Quoziente familiare: agevolazioni anche su scuola e trasporti

Quoziente familiare, la sfida si avvicina al momento decisivo. Il provvedimento potrebbe entrare nel bilancio del Comune di Roma già alla fine di quest’anno. L’ultimo rapporto della Banca d’Italia denuncia il crollo del reddito medio familiare del 4 per cento fra il 2006 e il 2008, con il 20 per cento dei nuclei che non arrivano a 1.281 euro mensili, il 30 per cento indebitati.

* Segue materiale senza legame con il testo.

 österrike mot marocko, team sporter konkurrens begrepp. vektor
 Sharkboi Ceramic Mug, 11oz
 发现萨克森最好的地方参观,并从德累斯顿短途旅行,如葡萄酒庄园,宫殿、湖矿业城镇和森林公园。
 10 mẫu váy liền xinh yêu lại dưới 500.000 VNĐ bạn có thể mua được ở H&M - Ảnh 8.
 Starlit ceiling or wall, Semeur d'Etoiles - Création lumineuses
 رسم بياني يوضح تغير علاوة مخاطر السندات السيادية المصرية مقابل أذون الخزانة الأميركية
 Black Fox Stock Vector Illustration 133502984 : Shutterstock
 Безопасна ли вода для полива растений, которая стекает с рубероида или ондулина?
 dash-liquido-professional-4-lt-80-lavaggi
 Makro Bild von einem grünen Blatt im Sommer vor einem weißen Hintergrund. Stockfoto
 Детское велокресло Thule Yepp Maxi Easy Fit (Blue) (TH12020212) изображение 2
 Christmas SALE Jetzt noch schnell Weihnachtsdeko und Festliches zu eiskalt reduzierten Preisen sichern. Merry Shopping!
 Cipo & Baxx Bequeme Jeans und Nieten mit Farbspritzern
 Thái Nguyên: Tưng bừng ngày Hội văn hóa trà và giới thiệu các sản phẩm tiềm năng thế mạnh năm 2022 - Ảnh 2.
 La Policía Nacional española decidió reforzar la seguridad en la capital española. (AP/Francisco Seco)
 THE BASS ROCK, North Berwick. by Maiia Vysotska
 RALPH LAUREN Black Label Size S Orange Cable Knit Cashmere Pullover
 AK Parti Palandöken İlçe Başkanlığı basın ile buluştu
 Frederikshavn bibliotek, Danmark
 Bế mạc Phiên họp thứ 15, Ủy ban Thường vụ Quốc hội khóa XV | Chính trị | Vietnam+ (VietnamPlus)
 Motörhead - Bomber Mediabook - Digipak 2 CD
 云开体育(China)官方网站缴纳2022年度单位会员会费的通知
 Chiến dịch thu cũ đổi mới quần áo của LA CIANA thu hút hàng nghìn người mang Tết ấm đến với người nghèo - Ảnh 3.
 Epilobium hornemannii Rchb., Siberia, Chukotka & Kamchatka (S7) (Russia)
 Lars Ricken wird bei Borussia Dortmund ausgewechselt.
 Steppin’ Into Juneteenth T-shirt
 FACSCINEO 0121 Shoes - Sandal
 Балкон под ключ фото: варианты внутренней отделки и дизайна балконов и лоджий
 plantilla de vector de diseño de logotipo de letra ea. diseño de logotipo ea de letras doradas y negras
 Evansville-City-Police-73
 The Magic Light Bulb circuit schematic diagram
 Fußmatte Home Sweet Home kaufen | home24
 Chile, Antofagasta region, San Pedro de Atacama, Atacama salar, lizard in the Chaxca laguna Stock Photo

Con il quoziente familiare la sfida è di garantire meno imposte e più facilitazioni alle famiglie numerose e con carichi sociali. Sul tema una proposta di delibera è stata presentata in Campidoglio a marzo dal capogruppo capitolino Udc Alessandro Onorato. Il provvedimento prevede un algoritmo che tiene in considerazione la presenza di figli a carico fino a 24 anni, di minori disabili, di invalidi fra il 74 e il 100 per cento o con indennità di accompagnamento, di anziani over 65, per riequilibrare non solo il carico fiscale, ma anche le tariffe e l’accesso ai servizi comunali (Metrebus, asili nido, ecc). Il Dipartimento capitolino alla scuola e quello alle politiche sociali hanno già dato parere favorevole.
«Con l’Udc c’è una sostanziale identità di vedute - ha assicurato ieri il sindaco Gianni Alemanno durante un work-shop presso la sede di Confcooperative -. Si tratta solo di vedere quali siano gli strumenti tecnici per realizzarla al meglio». Roma potrebbe essere la prima città in Italia a introdurre il quoziente familiare. Tant’è che nella proposta Onorato il progetto figura come Quoziente Roma. «Questa è una riforma a livello locale e nazionale - afferma il sindaco -. Le famiglie che hanno più componenti a carico è giusto che paghino meno tasse rispetto alle famiglie meno numerose o ai single. La vera riforma fiscale è questa». D’altra parte il clima è favorevole. A settembre, ha lasciato capire Alemanno, la maggioranza dovrebbe allargarsi al partito di Casini. La delibera Onorato affronta alcuni casi. Per una famiglia di 5 componenti formata da padre, madre, un pensionato di 76 anni e invalido al 70 per cento, un figlio di 25 anni e uno di 2 anni, oggi la tariffa per l’asilo nido è di 126,18 euro in base alle tabelle Isee. In base al Quoziente Roma domani sarebbe di 108,76 euro. Per un nucleo di padre, madre, figli di 21, 18 e 2 anni, il nido oggi costa 97,61 euro in base all’Isee mentre scenderebbe a 73,92 euro.
«In questo grave momento - ritiene Onorato - il quoziente familiare è una prima risposta seria e concreta alle grandi difficoltà che stanno attraversando i romani». D’accordo anche il delegato del sindaco alla casa Marco Visconti. «Quella di Onorato è una proposta interessante, perché specie in questo momento di crisi viene incontro alle famiglie - dice -. Ma anche molto concreta. Ora si tratterà di trovare la copertura finanziaria, ma ci auguriamo che il provvedimento possa entrare a pieno titolo nel prossimo bilancio comunale».
Al workshop hanno preso parte anche il segretario nazionale Udc Lorenzo Cesa con il coordinatore cittadino Francesco Carducci, l’assessore alla scuola Laura Marsilio, l’assessore al bilancio Maurizio Leo.